Изменить стиль страницы

Сын учился в средней школе, часто приходил поздно, а на этот раз и ночевать домой не пришел. Кончался учебный год, и мы подумали, что он остался у приятеля, чтоб вместе готовиться к экзаменам. А дело-то было вот какое.

Один из приятелей Германа окончил курсы шоферов и получил грузовую машину. Можно ли было упустить случай и не определиться стажером к Гришке Абельдяеву? После уроков сын поджидал приятеля на дороге и отправлялся с ним в рейс, чтоб к ночи вернуться домой.

Пылит машина проселочными дорогами, блаженствуют ребята! Они полные хозяева тарахтящего сооружения, чудом не попавшего в утиль. В стороне от проезжей дороги Герман хозяйничает за рулем, а Гришка со знанием дела помогает постигать премудрость переключения скоростей, не газовать без толку. Ехали, ехали и доехали: остановилась машина в стороне от сел, почихала, постреляла и затихла, приютившись у тальникового колочка. Покопались приятели в моторе, перемазались, приуныли. Гришке ночевать в машине, а сыну добираться домой пешком, на попутных.

— Как ты теперь?

— Найду загвоздку — повезет, — уверил Гришка. — Хлеба только не взял. Спать придется натощак. Может, занесет сюда какую-нибудь машину.

Пошли уже вторые сутки, а Гришка не появлялся. Сын отправился на поиски, прихватив хлеба, луку, соли.

Машина стояла на прежнем месте. Привалившись к колесу, спал обессиленный Гришка, грязный, голодный.

— Вставай! Я думал, что под колесо негра положили!

— Герка, ты с кем?

— Один, тебя выручать пришел. Ломай буханку, вот лук, соль. Поешь да в колочке напейся. Не заводится?

— Нет. Все обшарил — не идет. Сегодня с горя подкачал колеса. Старая таратайка, а бросить нельзя. Ты никому не говорил, чтоб сюда приехали?

— Нет. Зато выспросил у шоферов, отчего мотор не заводится. Питание продувал?

— Продувал и бензину нахлебался.

— Зажигание?

— Смотрел.

— Аккумулятор?

— Ток есть, а в цепь не идет.

— Проводку надо смотреть.

— Каждый проводок чуть не облизал, а искры нет. Старая машина.

— Это лучше: везде полазить можно, скорей все узнаешь.

И снова проверено все, от искры до колеса. Наконец мотор захлопал, затроил, звонко стрельнул с черным дымом. Поехали! Нет же большей радости на свете, чем истина, добытая своими руками!

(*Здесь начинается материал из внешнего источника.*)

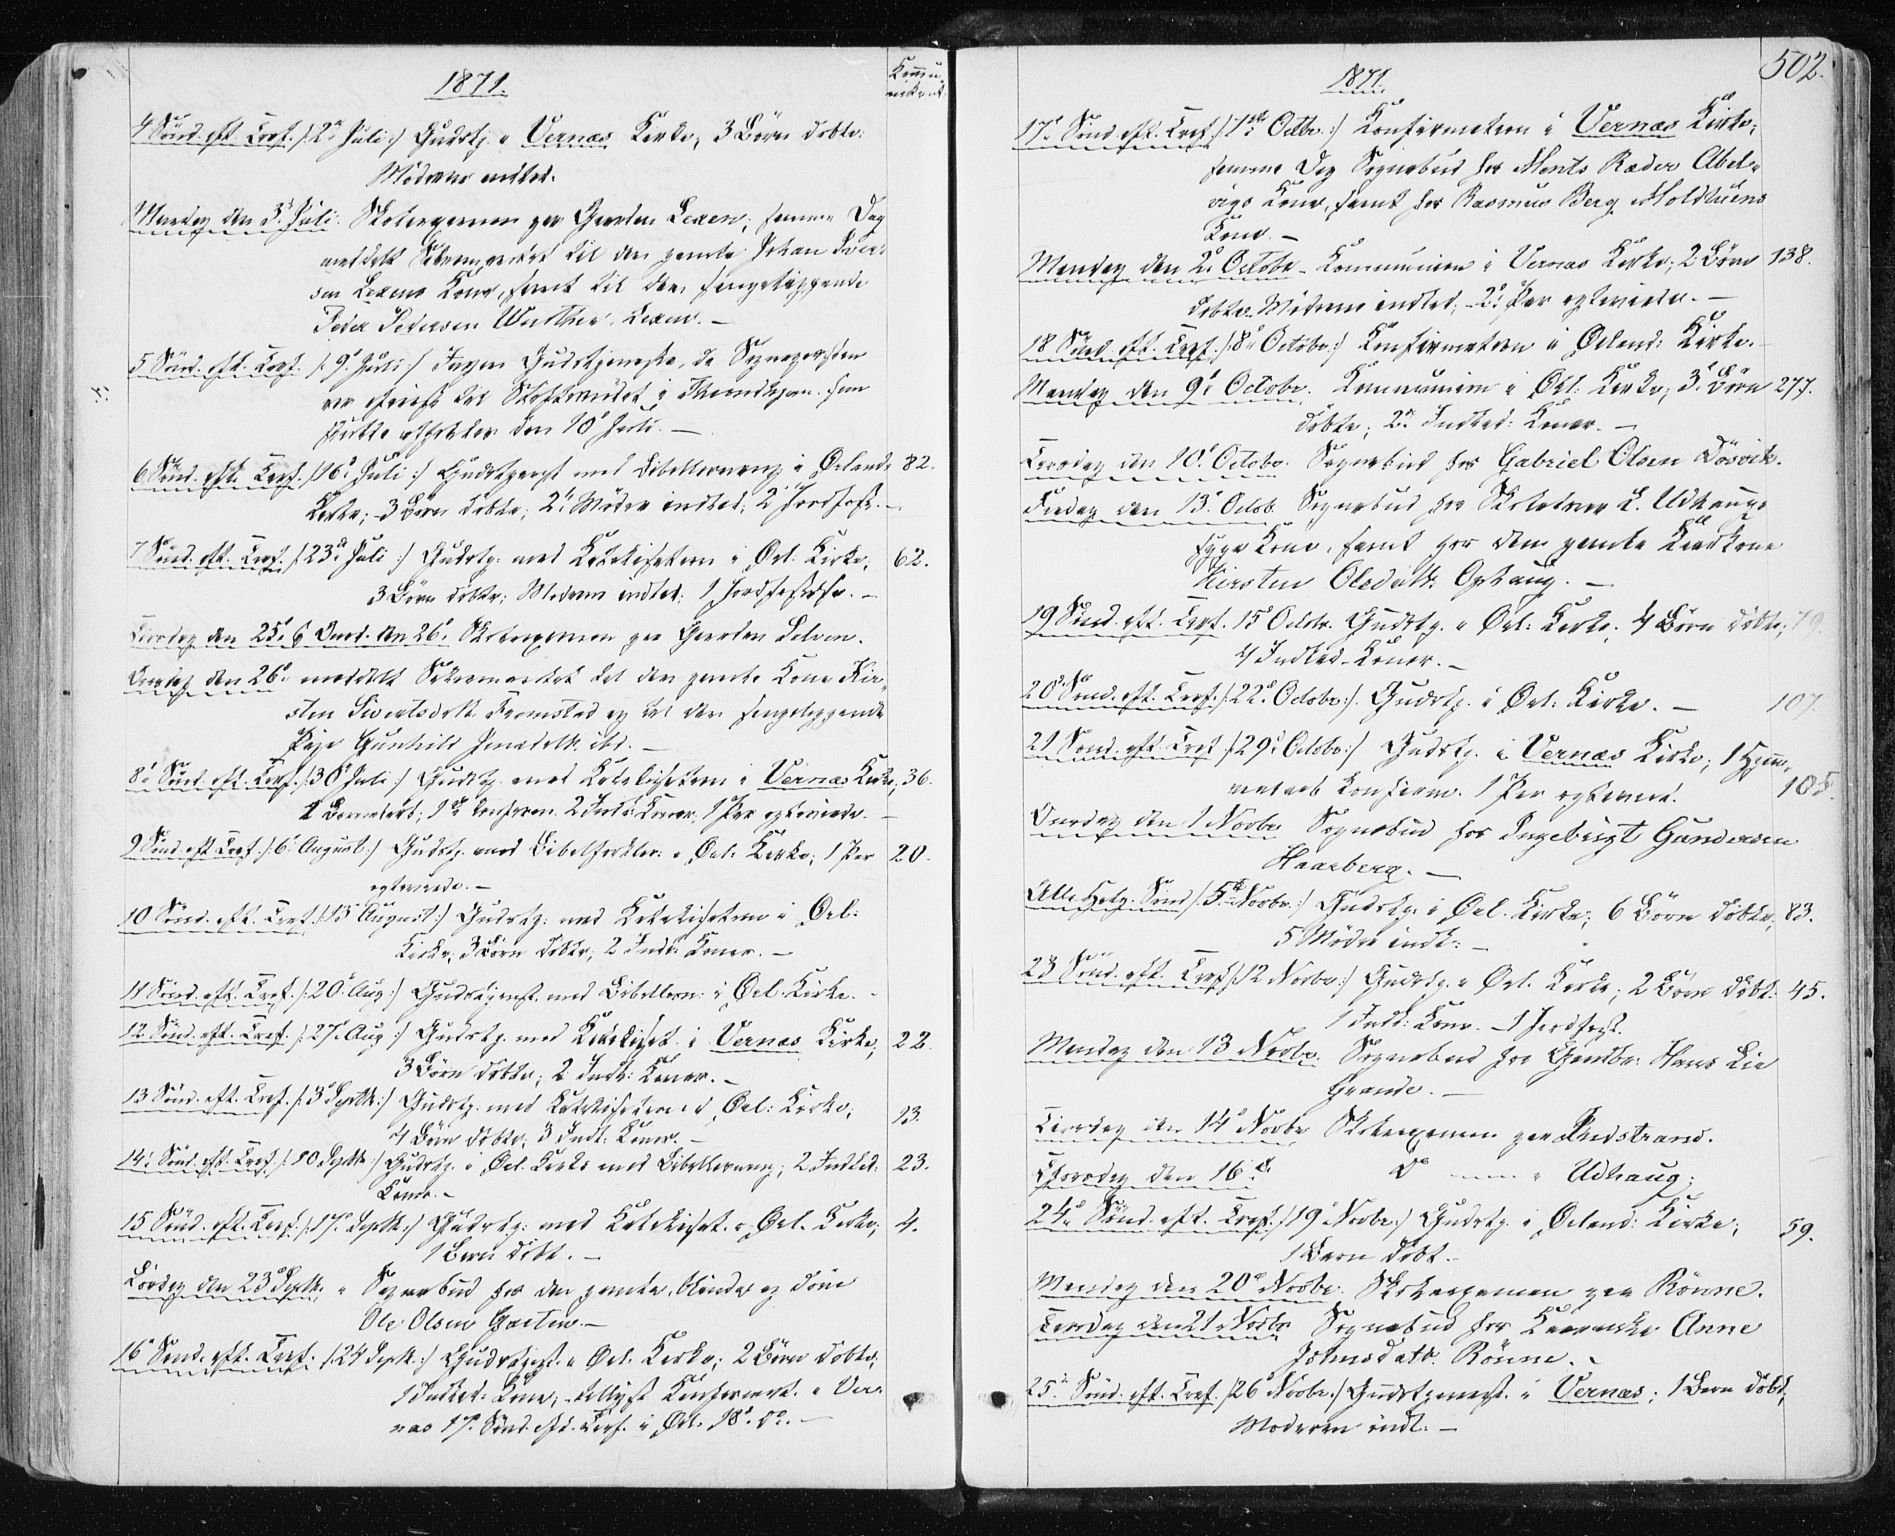 SAT, Ministerialprotokoller, klokkerbøker og fødselsregistre - Sør-Trøndelag, 659/L0737: Ministerialbok nr. 659A07, 1857-1875, s. 502

Сын у нас подавался вверх туго. Будет в деда Михаила. Тот плотный, жилистый, как березовый пенек у дороги, от которого отскакивает тележное колесо. Ходит сын в седьмой класс, а все еще, как верткий колобок на ножках. Для семьи такие дети выгодны: обувь занашивают до дыр, из рубахи не скоро вырастают.

Летом послали его к дедушке. Когда пришел срок ехать домой, тетя Маня сказала:

— Увези-ка, милый сын, отцу с матерью на гостинцы мешочек мучки. До Косихи Доедешь с молоканом, а там ходят машины — любой довезет. Ты уже большенький, не затеряешься.

Вышел он на машинную дорогу, поднимает руку, а машины пролетают мимо, обдают пылью. Какая корысть шоферу брать мальчишку?

Солнце на вечер, дом далеко, надеяться не на кого. Мешок с плеча на плечо. Терпнут руки, гнется спина.

…Бывает в жизни так, когда маленький человек остается с трудностью один на один. В эти минуты — как знать — вдруг возникает в характере черточка, еще не осознанная, но уже помогает, как подставленная подпорка.

Редко проходят машины, уже стынет воздух и дорога, на небе прочикнулись первые зерна звезд. Сын злится, что не хватает сил, завидует сильным. Сейчас бы сапоги-скороходы, шагнул бы пять раз через грядки берез по буграм — и дома.

Последние километры ночью прихвачены, слезой отмечены. Трудно уже поднимать на плечо мешок, но тащить волоком можно! Хоть на метр, но ближе к дому.

Осветила яркая фара машины мальчишку, тянущего мешок, подобрал парня сердобольный шофер. Герман заявился среди ночи нежданно, замученный, от усталости повзрослевший.

Не придумано специальных упражнений для воспитания воли и закалки характера. А есть ли в них нужда? Упражнениями не выработаешь сознания, а сознание всегда найдет себе нужные упражнения. Ни к чему воспитывать волю вообще, на всякий случай. Все это будет подобно топору без топорища. Мечта, цель, само дело — надежный черенок, на который можно насадить острое орудие воли.

Поздний зимний вечер. Возвращаюсь из школы. Окна нашей хаты заметены снегом, из-за мягких сугробов они похожи на припухшие глаза.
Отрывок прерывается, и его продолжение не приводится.